Single by Chencho Corleone

from the album Solo
- Language: Spanish
- English title: "Time to Go"
- Released: June 29, 2023
- Recorded: 2023
- Genre: Reggaeton
- Length: 3:03
- Label: Cerco; Sony Latin;
- Songwriters: Orlando Valle; Urbani Mota Cedeño; Jorge Luis Romero; Jowell Hernández;
- Producers: Urba & Rome

Chencho Corleone singles chronology
| "Podemos Repetirlo" (2023) | "Hora de Salir" (2023) | "Podemos Repetirlo" (remix) (2023) |

Music video
- "Hora de Salir" on YouTube

= Hora de Salir =

"Hora de Salir" (English: "Time to Go") is a song by Puerto Rican singer Chencho Corleone. It was released on June 29, 2023, through Cerco and Sony Music Latin. It is the second single that Chencho Corleone performs alone, after "Un Cigarrillo". It is also the second single from his debut studio album, Solo (2024).

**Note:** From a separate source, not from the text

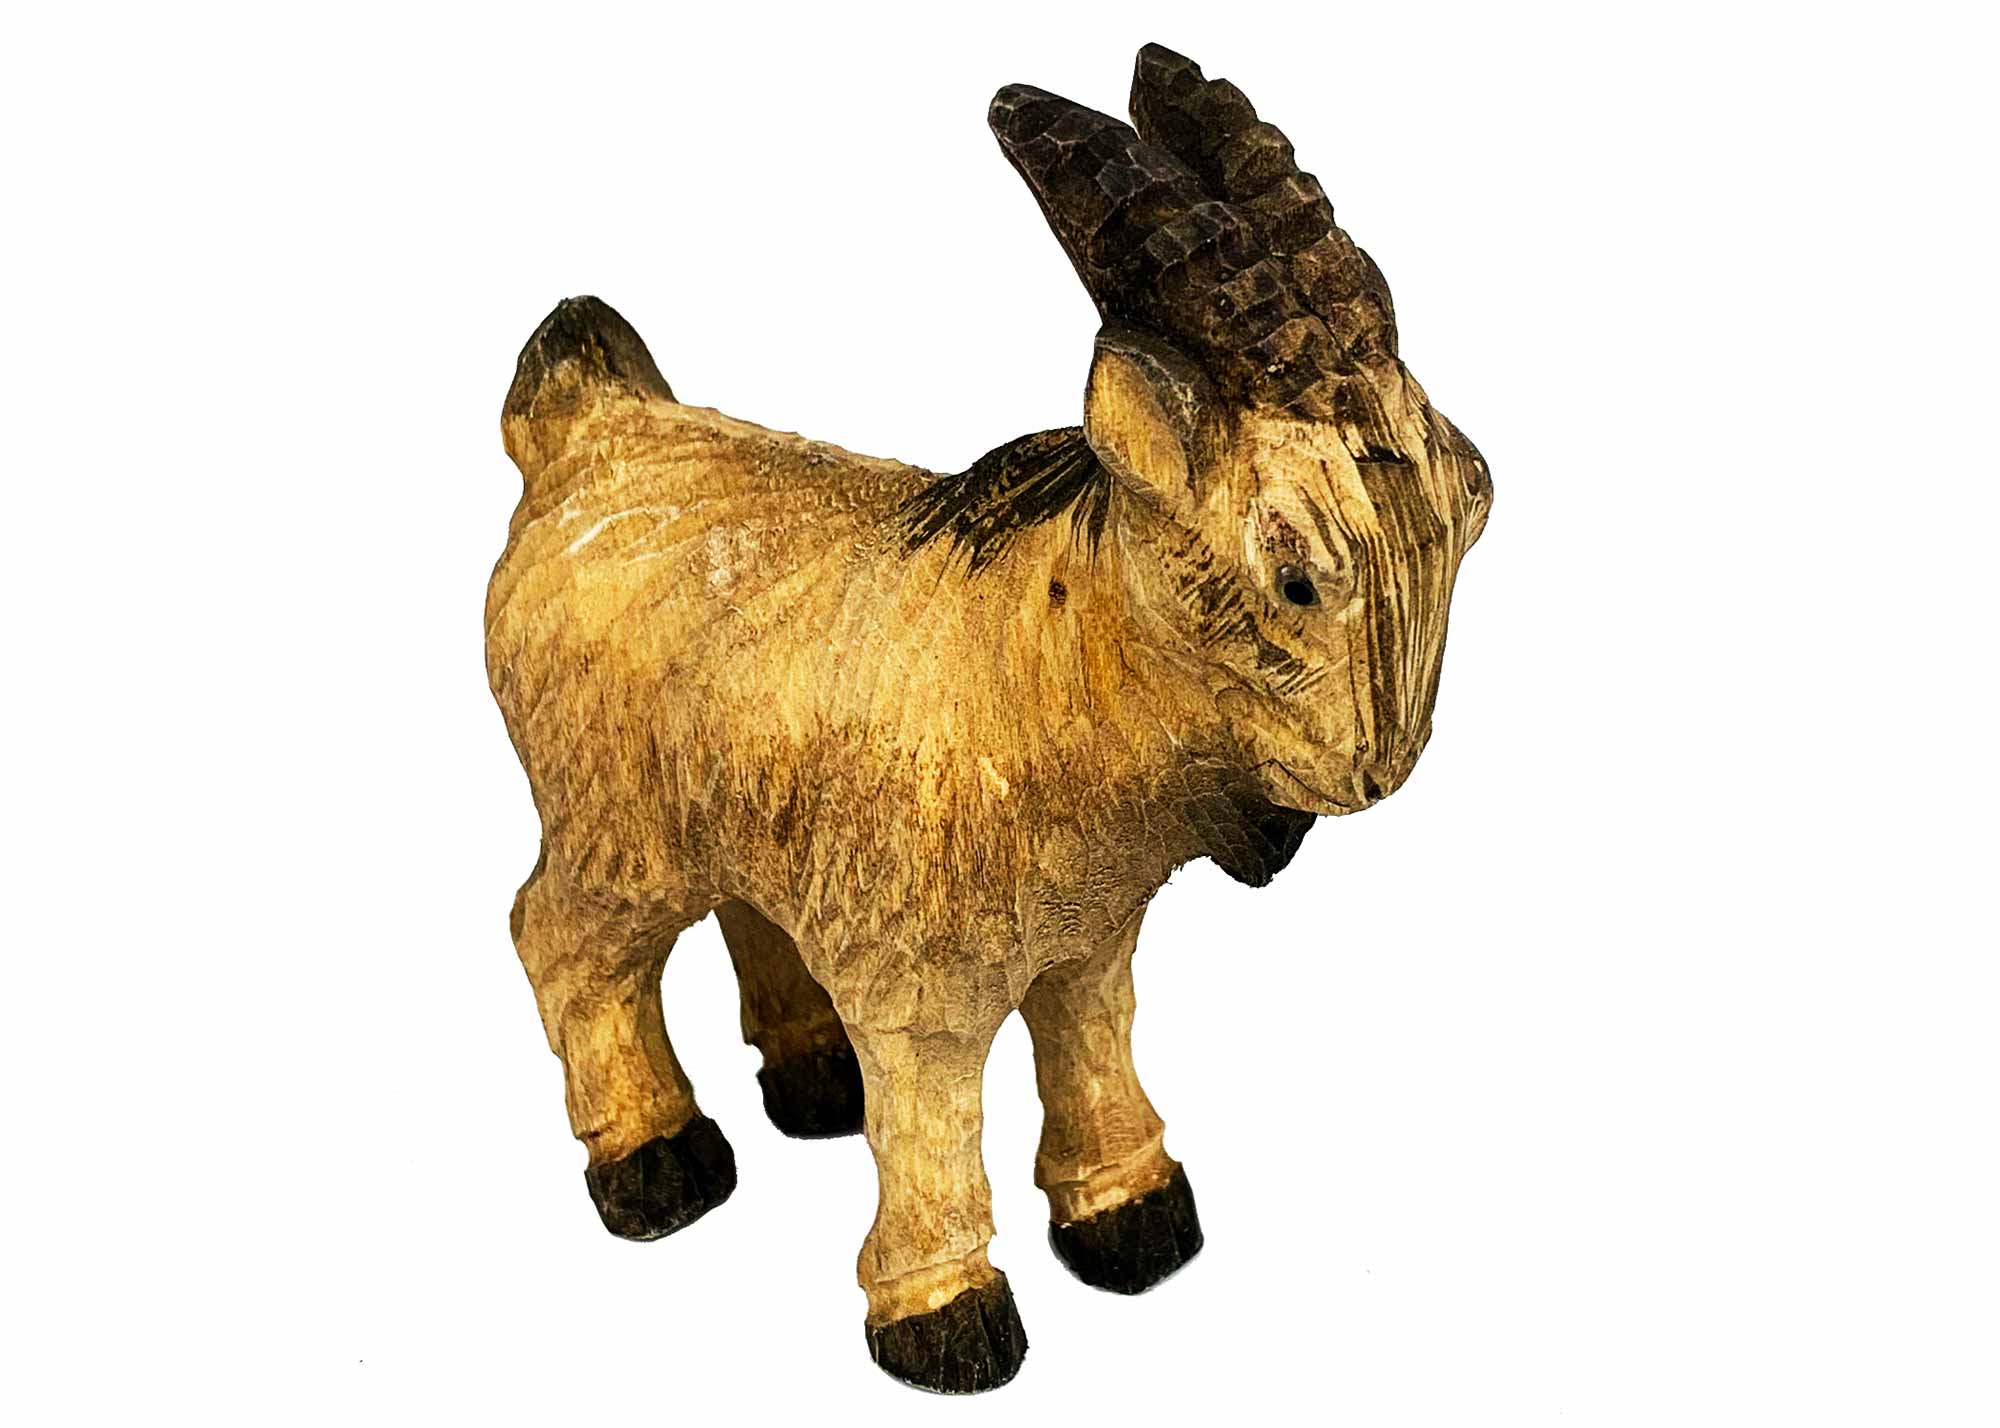 Buy Carved Goat Figurine at GoldenCockerel.com

== Background and release ==
After the success of "Un Cigarrillo" just a month later, at the end of June 2023 he announced the release of his new single "Hora de Salir" for June 29.

== Music video ==
The music video was premiered on Chencho Corleone's official YouTube channel on June 29, 2023 along with the single simultaneously and shows Corleone performing the song while driving a racing car and at a nightclub. It also shows a woman getting ready to "go out".

== Certifications ==

Certifications and sales for "Desesperados"
| Region | Certification | Certified units/sales |
| United States (RIAA) | Platinum (Latin) | 60,000^{‡} |
^{‡} Sales+streaming figures based on certification alone.